→ **EXERCISE**
Write out each line of the material below exactly as given.

[GIVEN MATERIAL Boundary: Start]

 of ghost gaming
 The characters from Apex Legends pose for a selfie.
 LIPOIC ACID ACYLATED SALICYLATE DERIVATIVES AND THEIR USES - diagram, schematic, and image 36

[GIVEN MATERIAL Boundary: End]

→ **FINISHED TASK**
 of ghost gaming
 The characters from Apex Legends pose for a selfie.
 LIPOIC ACID ACYLATED SALICYLATE DERIVATIVES AND THEIR USES - diagram, schematic, and image 36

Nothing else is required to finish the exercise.